**Given information:**
/---
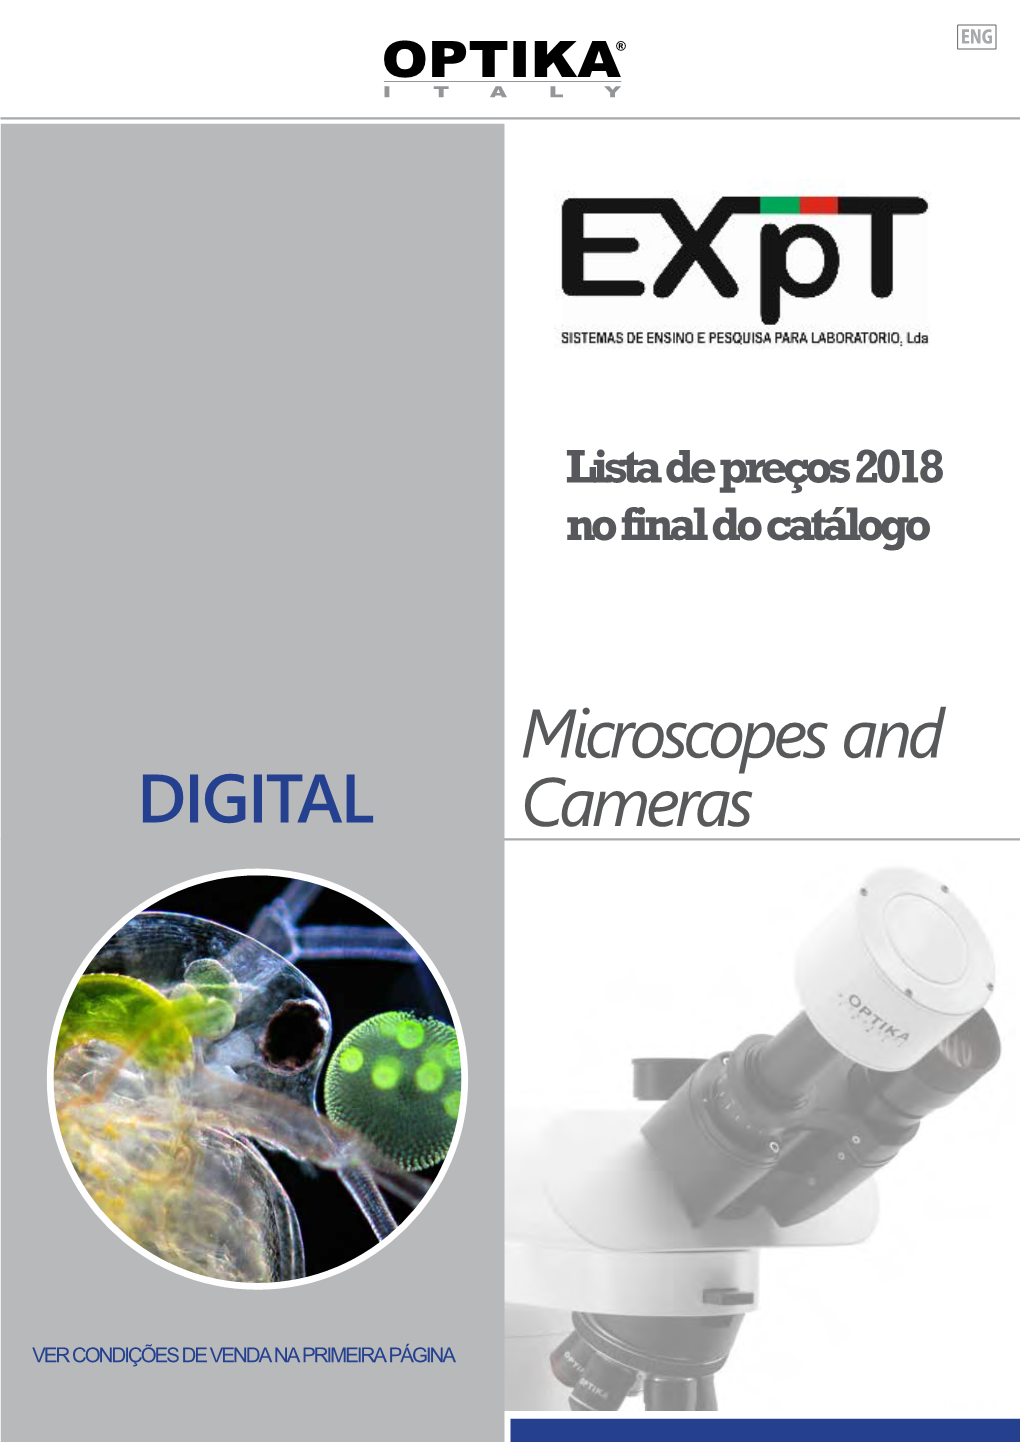 DIGITAL Microscopes and Cameras
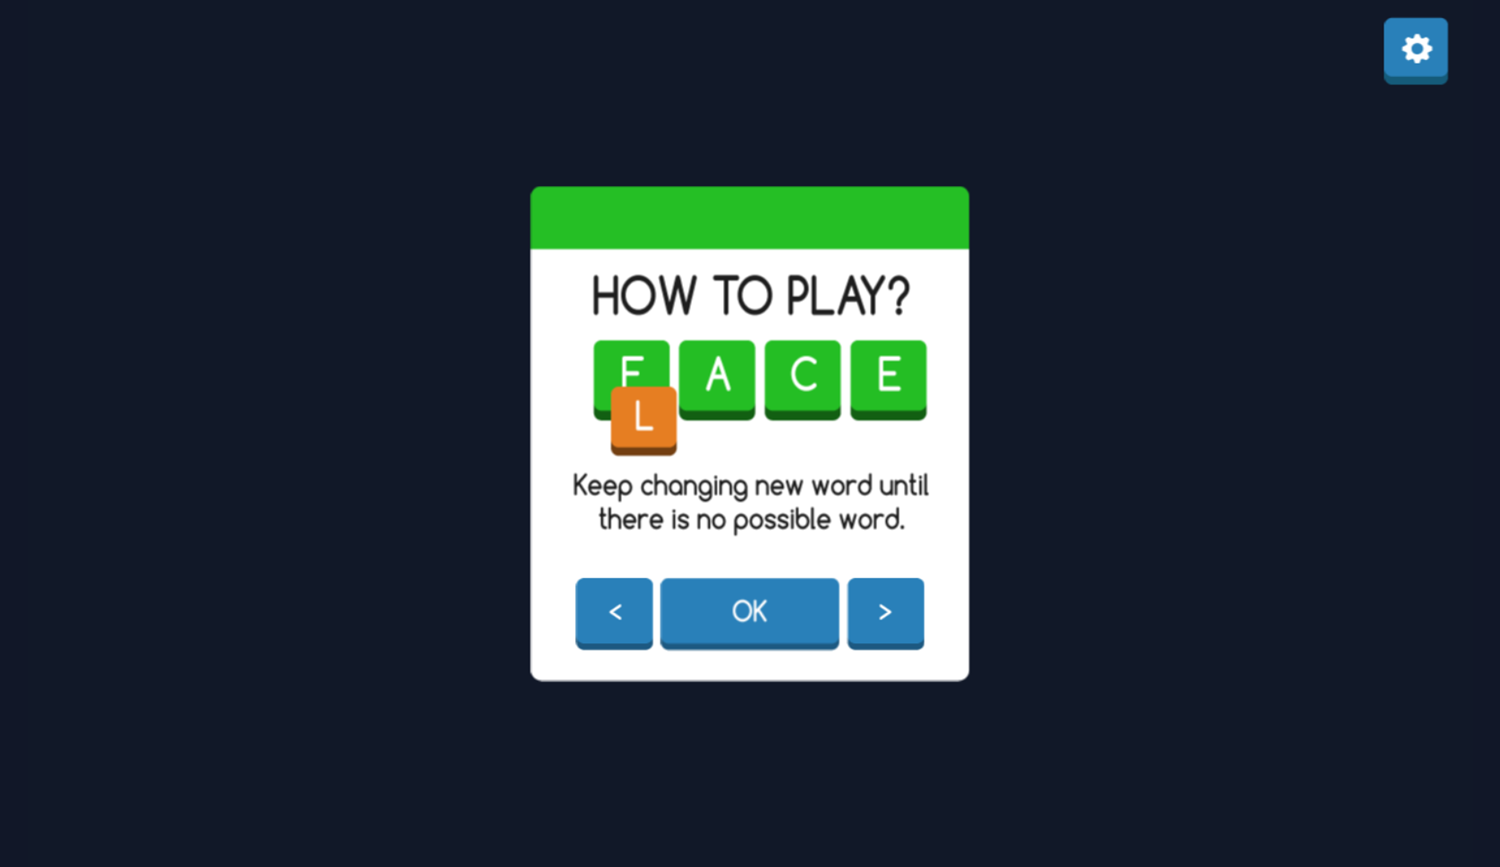 Change Word Game Instructions Screenshot.
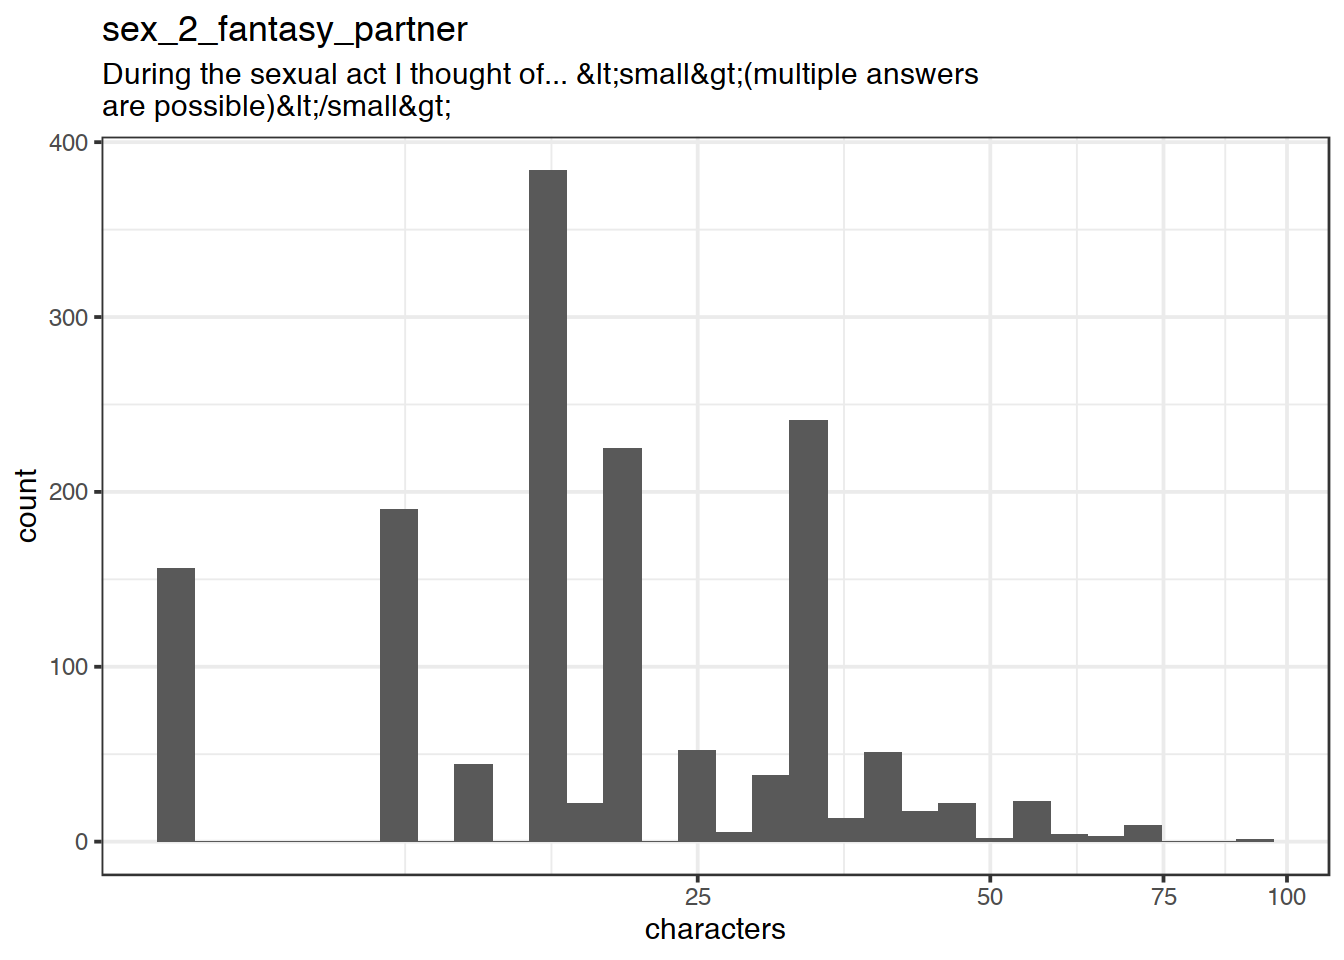 Distribution of values for sex_2_fantasy_partner
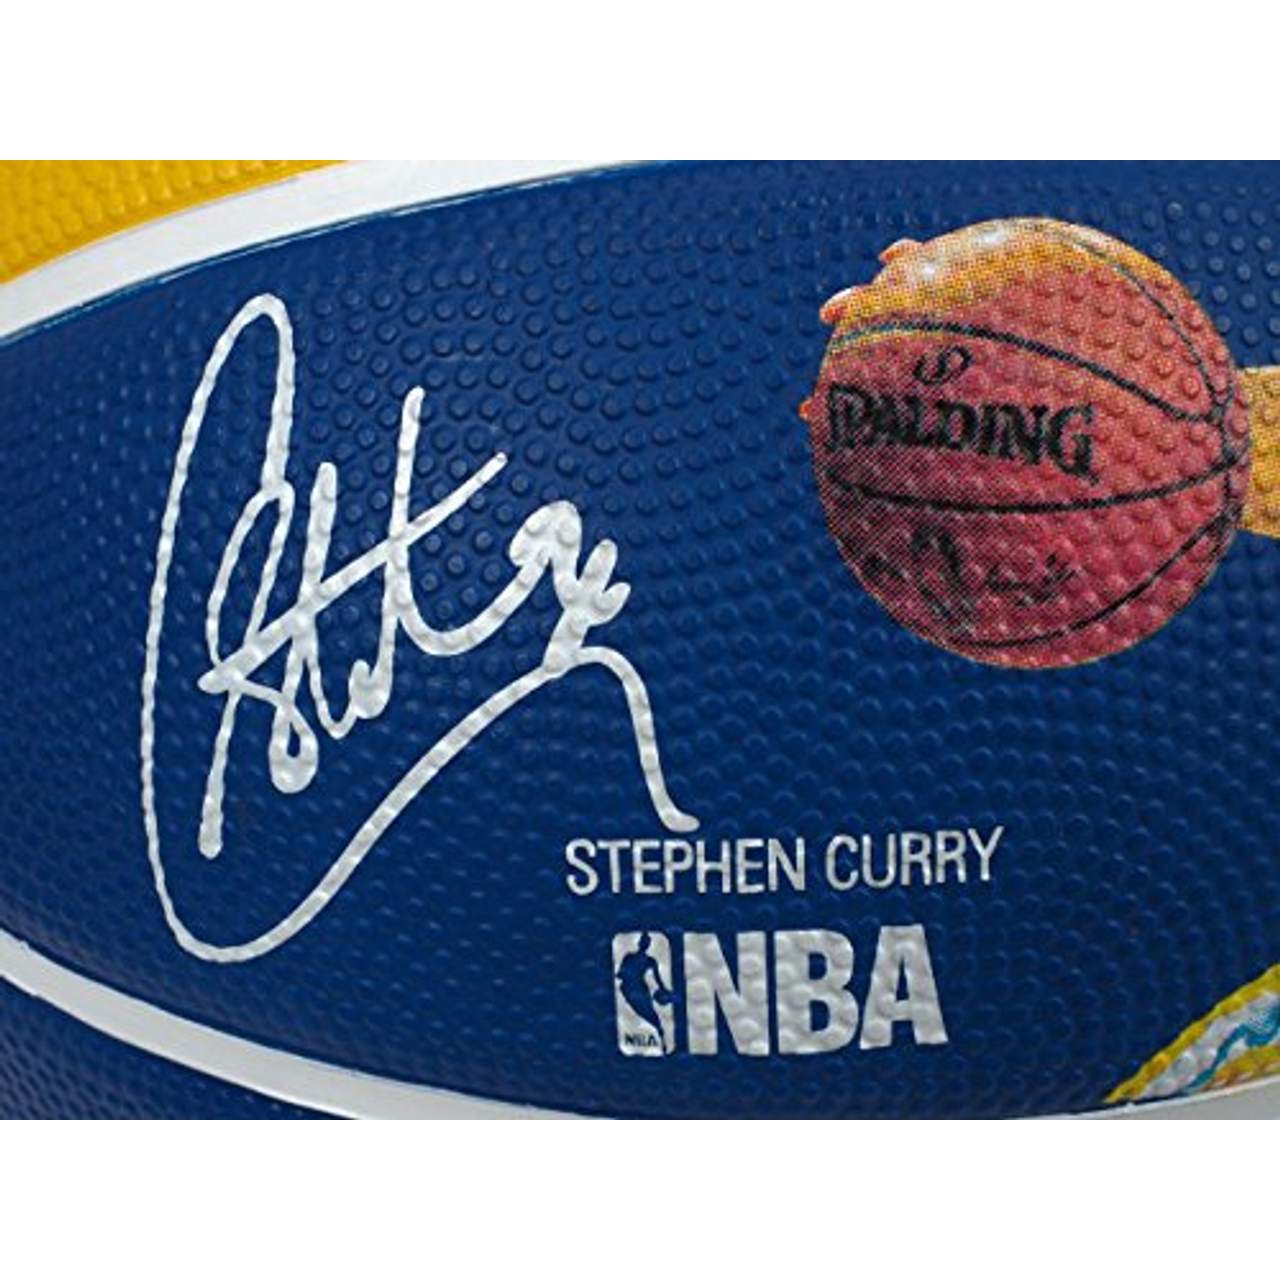 Spalding Ball NBA player stephen curry 83-343Z Basketball
\---
**Work order:** After locating the line with "Change Word Game Instructions Screenshot.", transcribe it and the rest of the data above exactly as written, without any picture.

**Task output:**
 Change Word Game Instructions Screenshot.
 Distribution of values for sex_2_fantasy_partner
 Spalding Ball NBA player stephen curry 83-343Z Basketball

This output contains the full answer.